Chlorambucil and cyclophosphamide were the main therapy in CLL. Cyclophosphamide is usually combined
with other agents, such as vincristine and prednisone, and incorporated into combination regimens. High response
rates were also seen with anthracycline regimens. Purine analogues are currently used in CLL. Because of the
difficulty in eradicating CLL cells from bone marrow peripheral blood, autologous transplantation is widely used.

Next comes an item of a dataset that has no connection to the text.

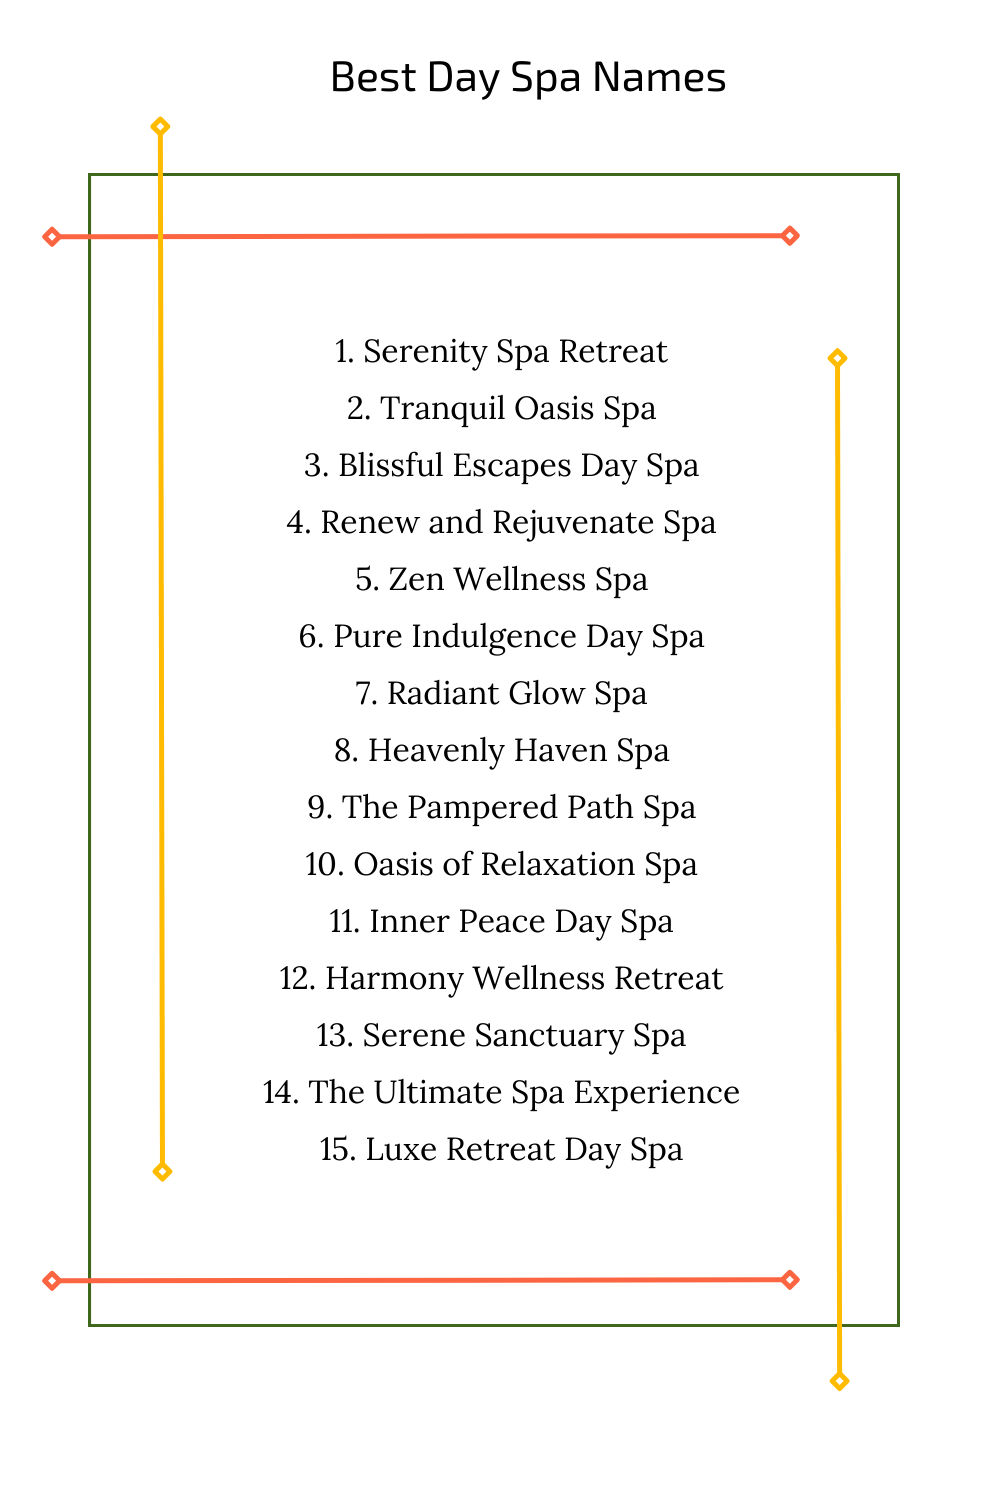 Best Day Spa Names

Rituximab, an anti-CD20 monoclonal antibody, has recently provoked interest for the treatment of CLL. Perhaps
the most potent regimen for CLL is the combination of the most effective single chemotherapeutic agent with the
most effective monoclonal antibody. Splenectomy is helpful in the management of selected patients with CLL,
who do not present adequate response to clinical therapy in an attempt to reduce the resistance to drugs and to
alleviate the symptoms provoked by the huge size of the spleen. Besides the advantages of splenectomy, it must
be stressed that in most cases this procedure is accompanied by a greater morbidity and mortality. Thus a
conservative procedure that reduces the spleen size may have a similar effect to that of total spleen ablation for
treatment of CLL, without losing the important functions of this organ. Subtotal splnectomy or splenic
autotransplants after total splenectomy are worth to be considered as surgical options in presence of a
symptomatic giant spleen or a refractory patient to chemotherapy.